------ Data shown
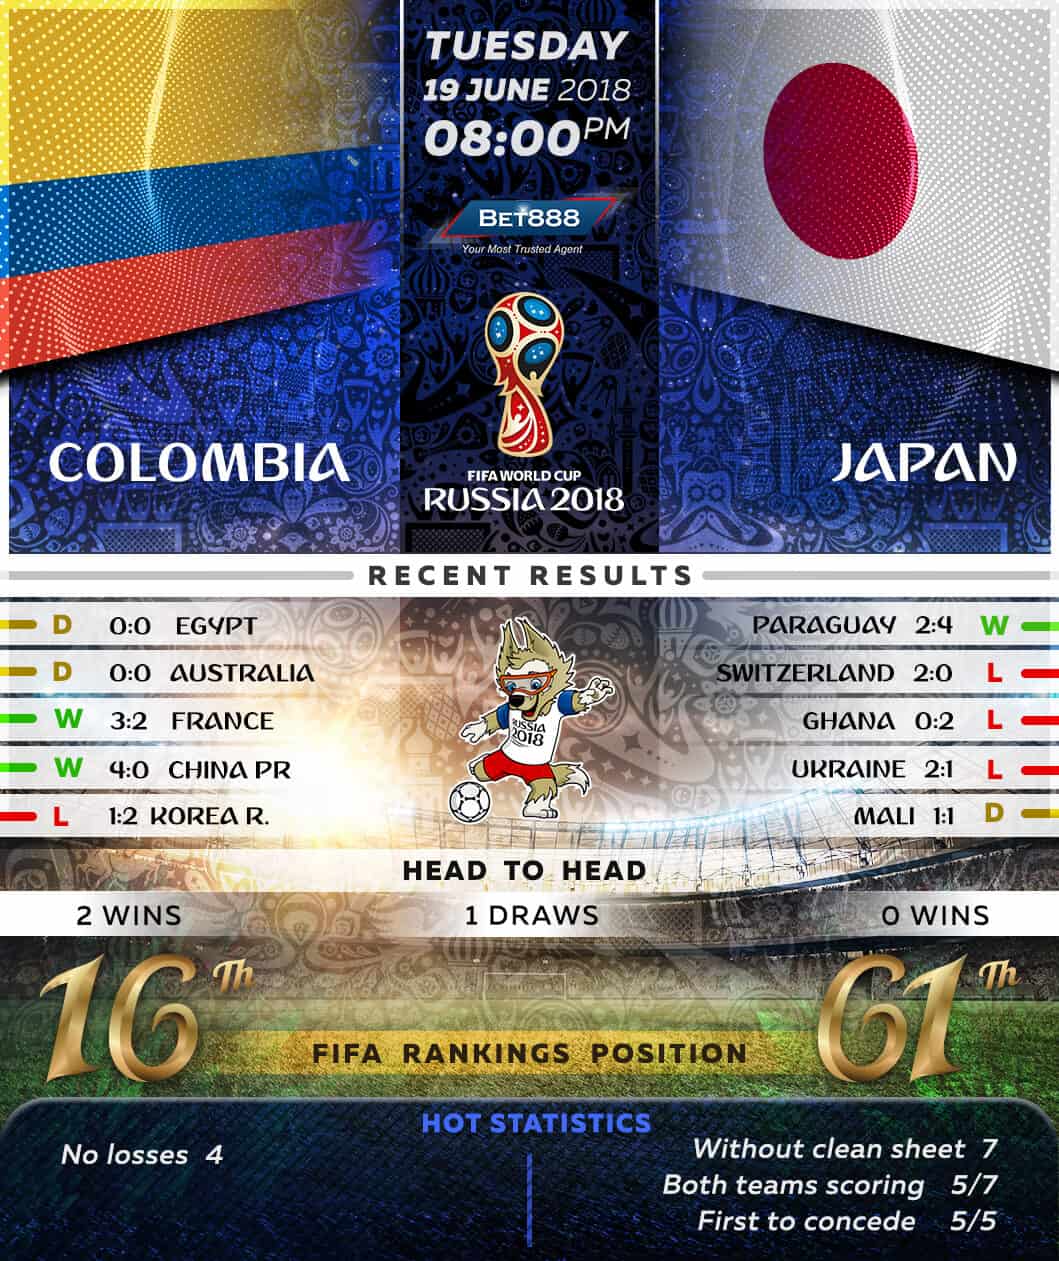 Colombia vs Japan 19/06/18
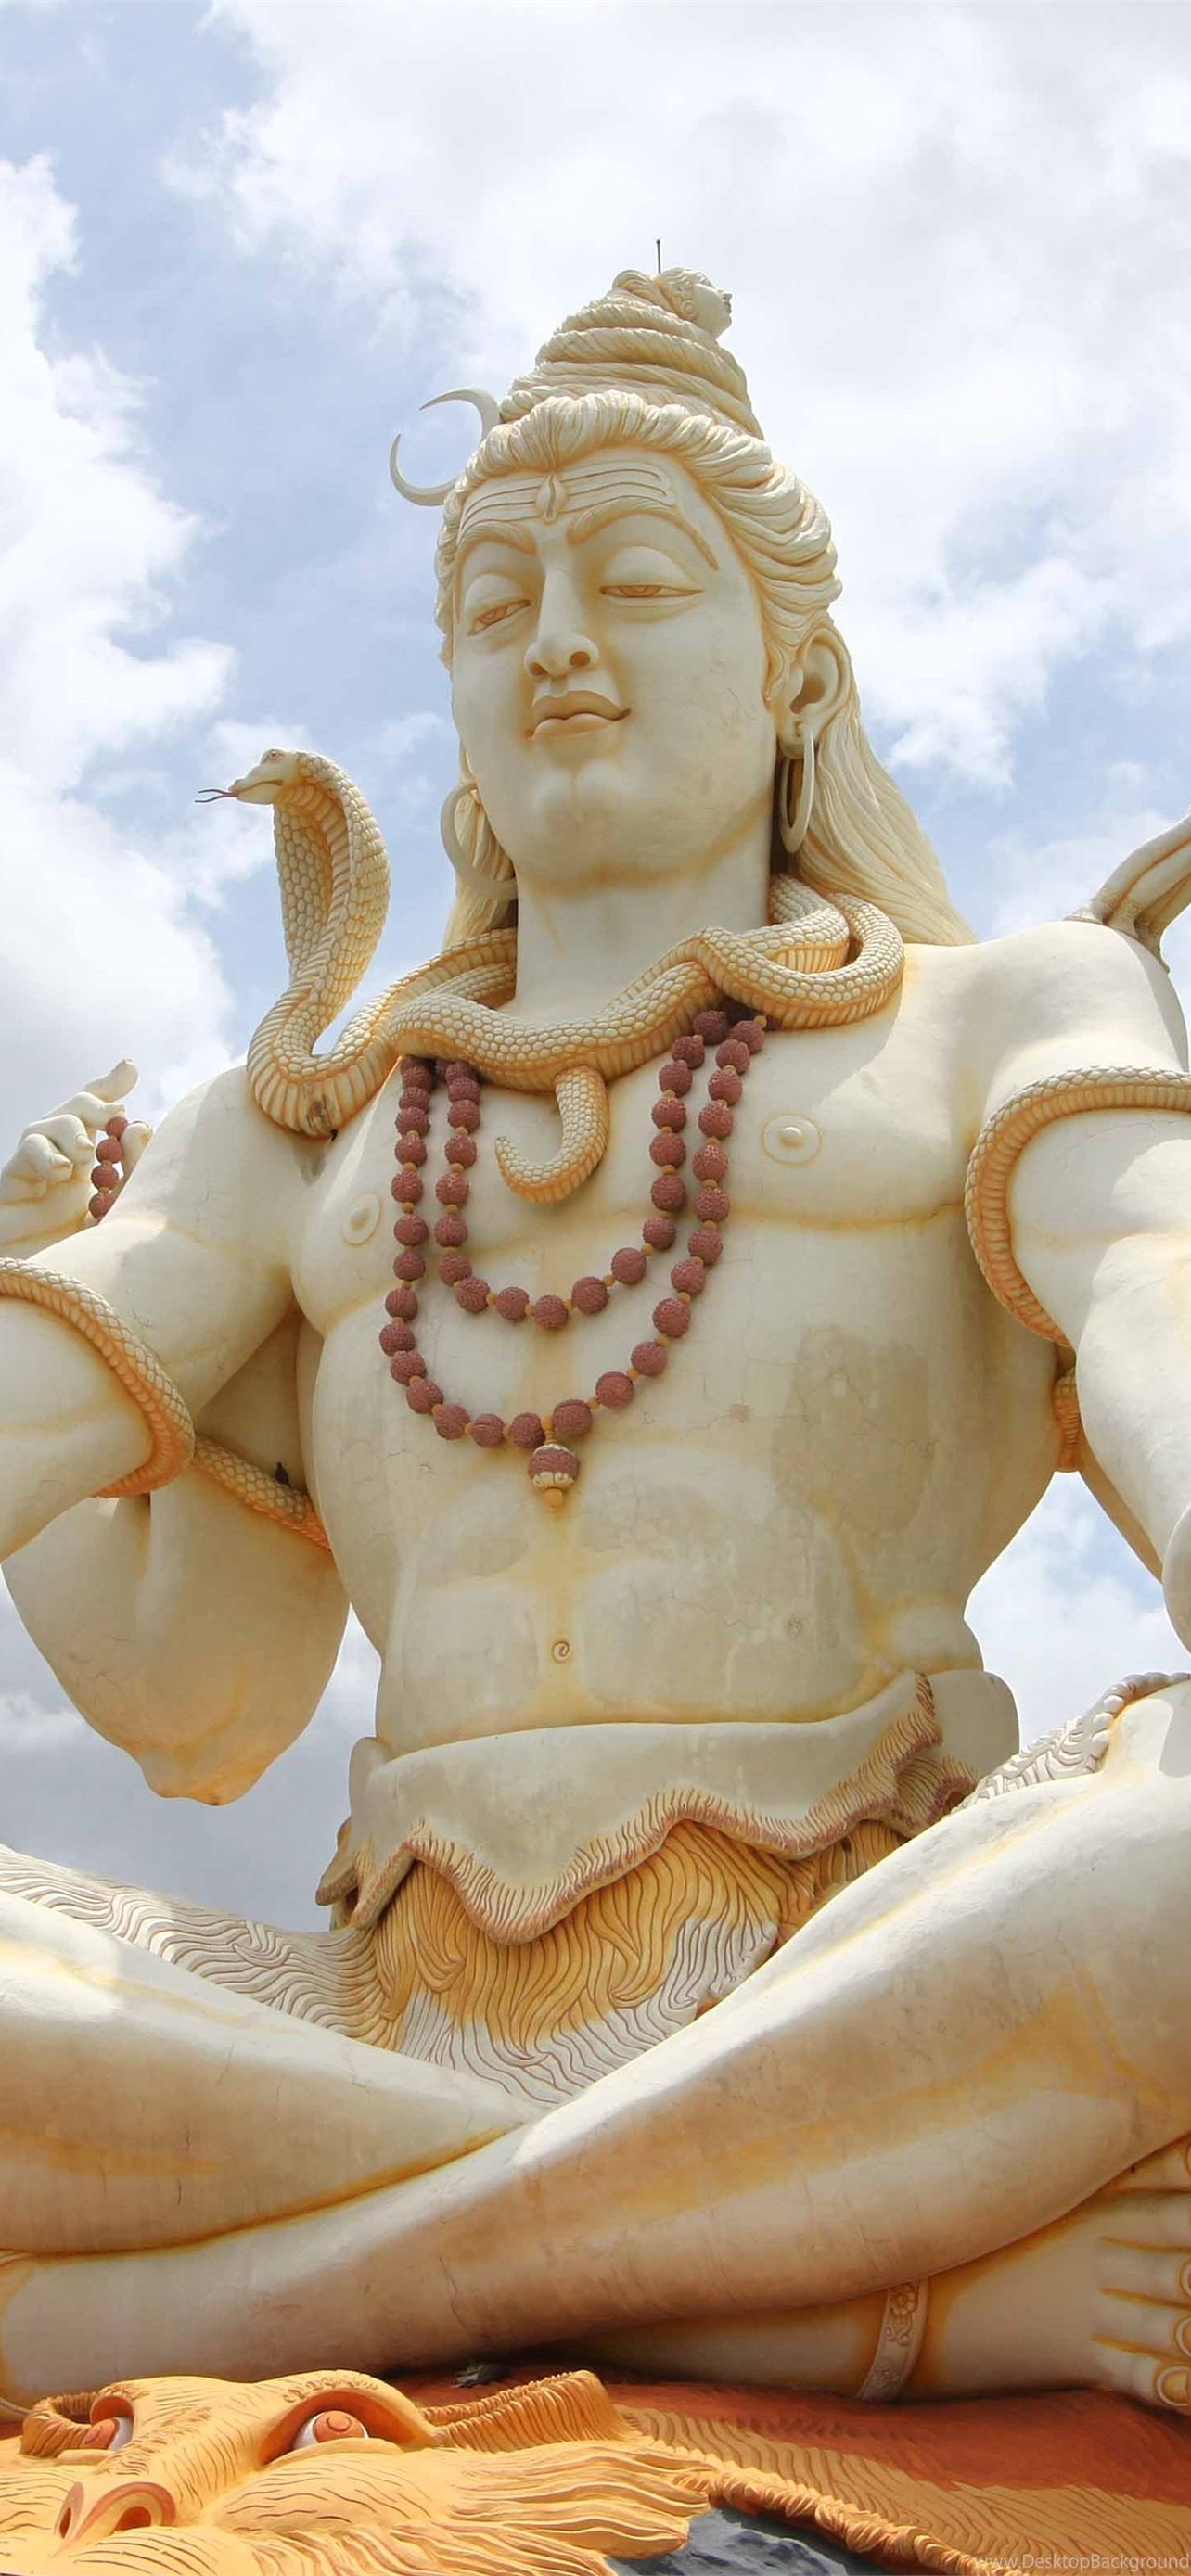 Hindu God Lord Shiva Big Idol Hd Desktop Backgroun... iPhone wallpaper 
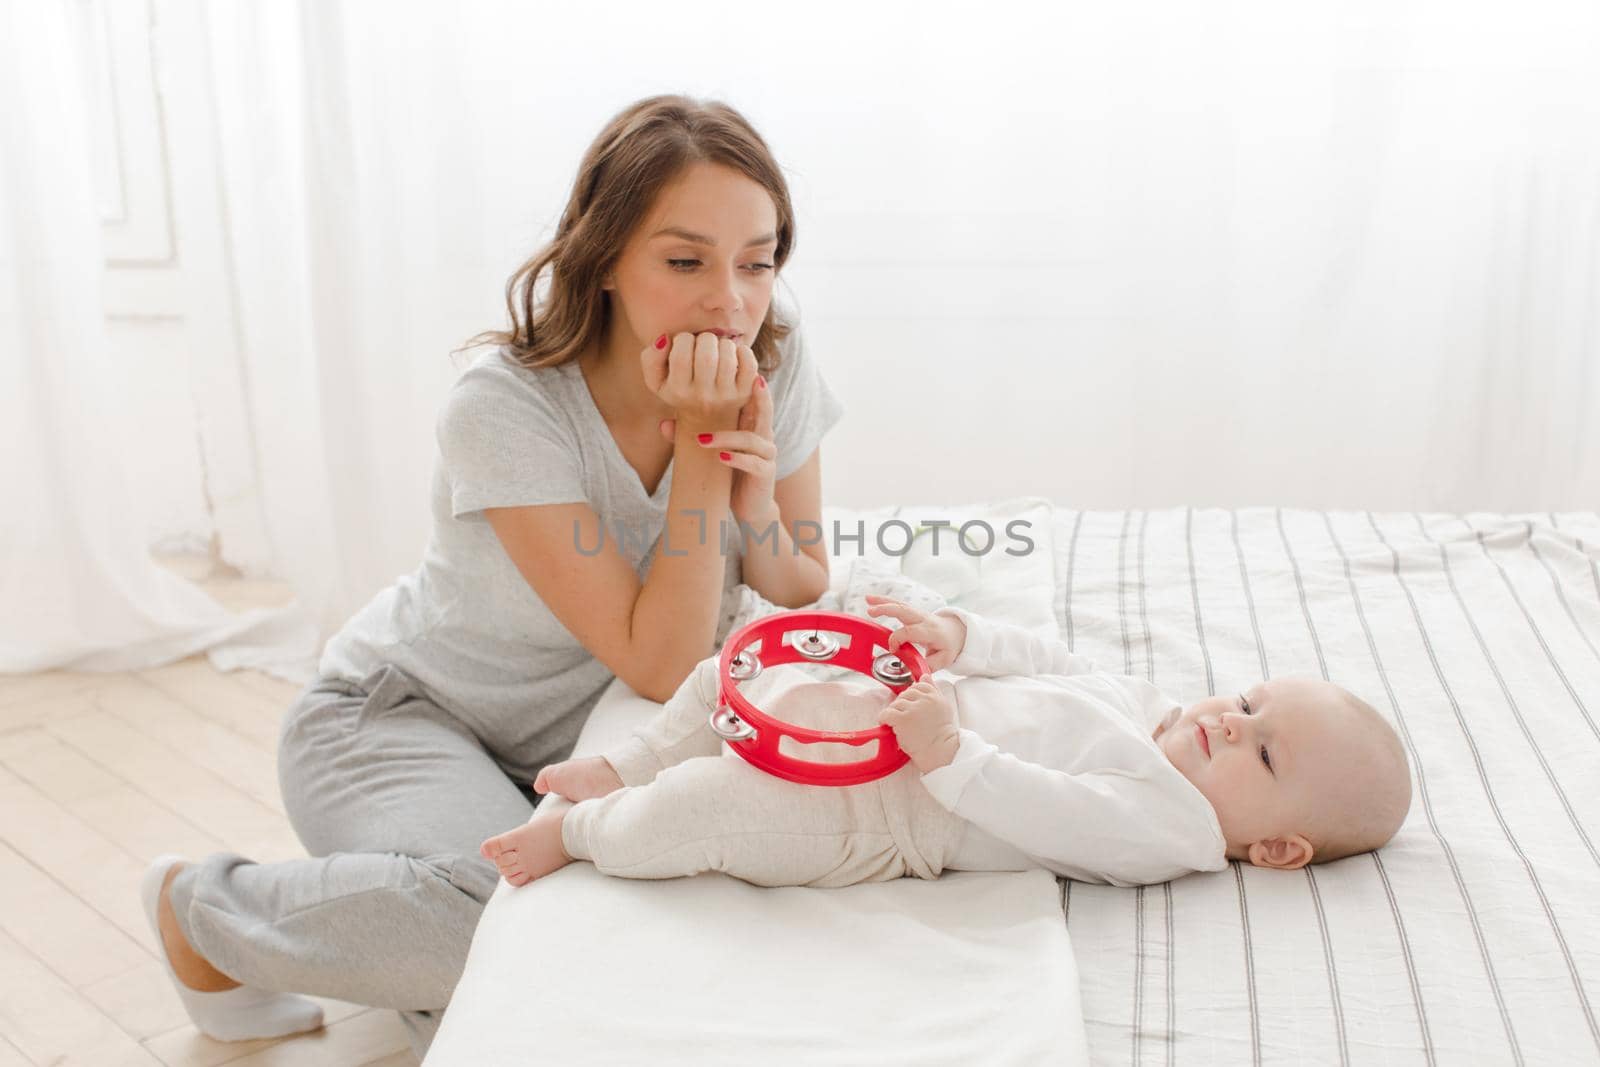 Pensive mother with baby in bedroom by Demkat
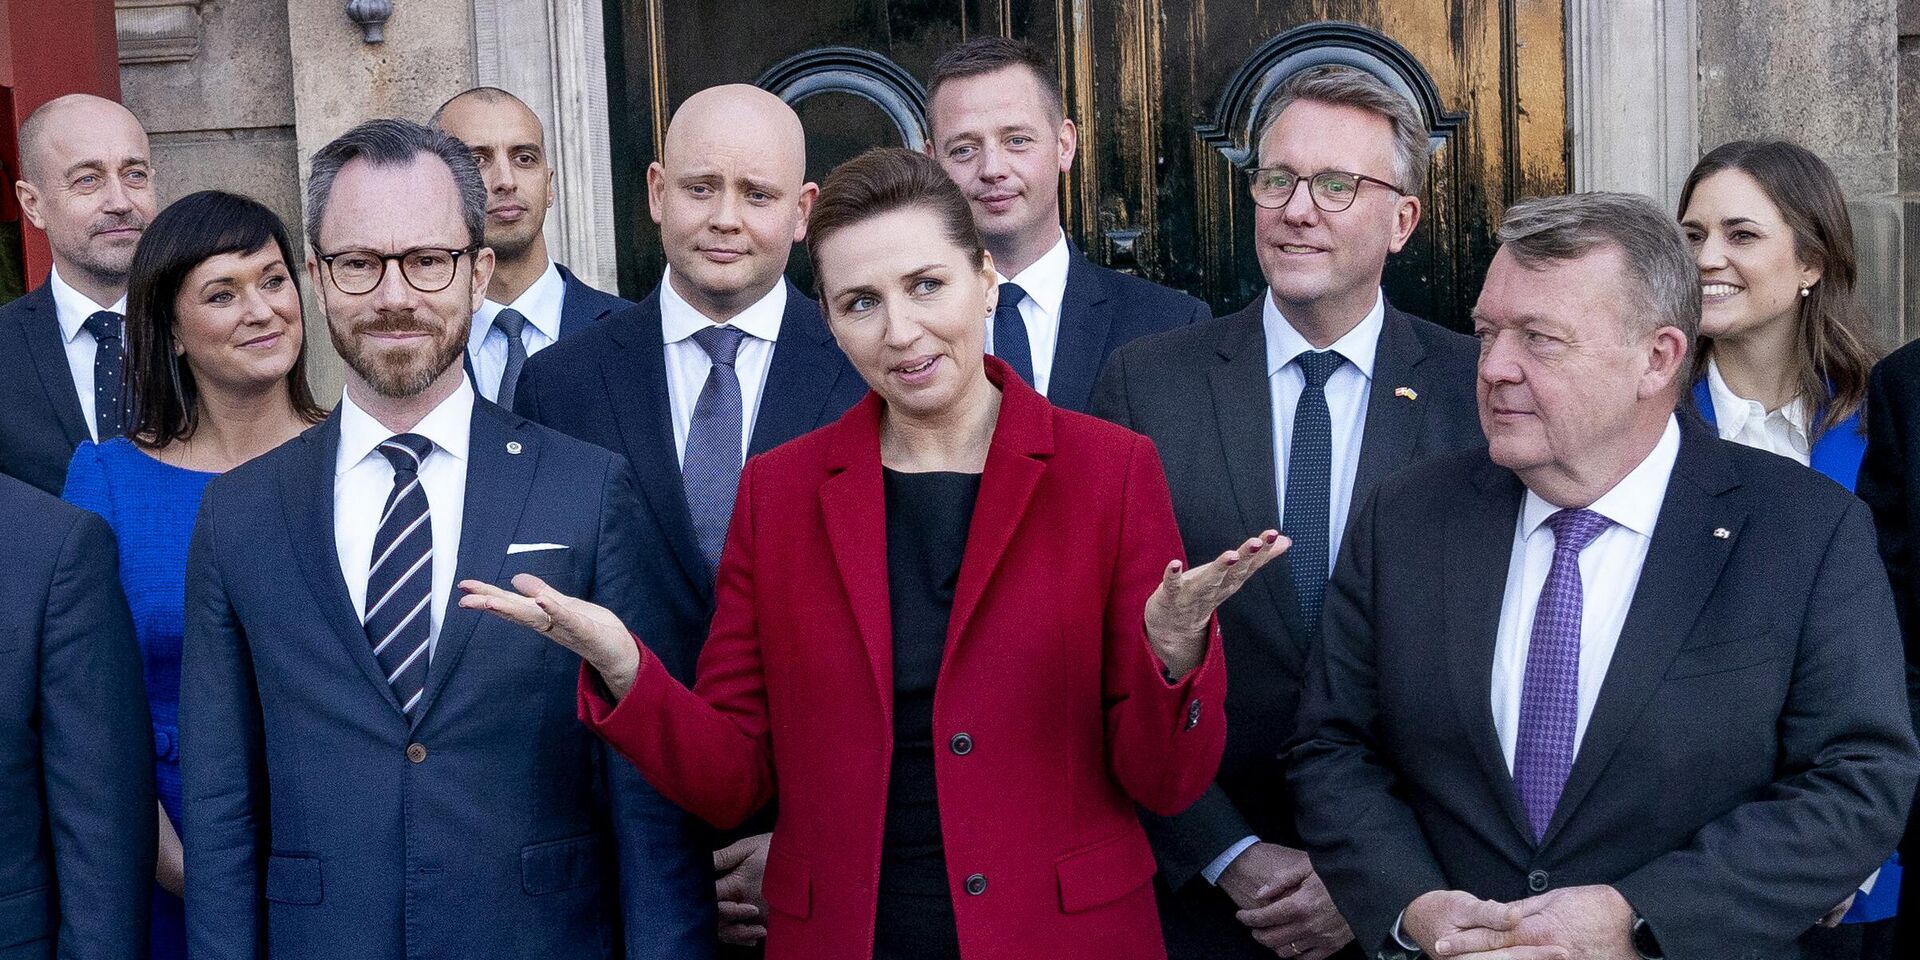 Премьер-министр Дании Метте Фредериксен (в центре) в Копенгагене, Дани. 15 декабря 2022 г. - ИноСМИ, 1920, 18.12.2022
------------
What needs to be done: The whole of the data above needs retyping exactly, with pictures omitted.

Answer for the task:
 Colombia vs Japan 19/06/18
 Hindu God Lord Shiva Big Idol Hd Desktop Backgroun... iPhone wallpaper 
 Pensive mother with baby in bedroom by Demkat
 Премьер-министр Дании Метте Фредериксен (в центре) в Копенгагене, Дани. 15 декабря 2022 г. - ИноСМИ, 1920, 18.12.2022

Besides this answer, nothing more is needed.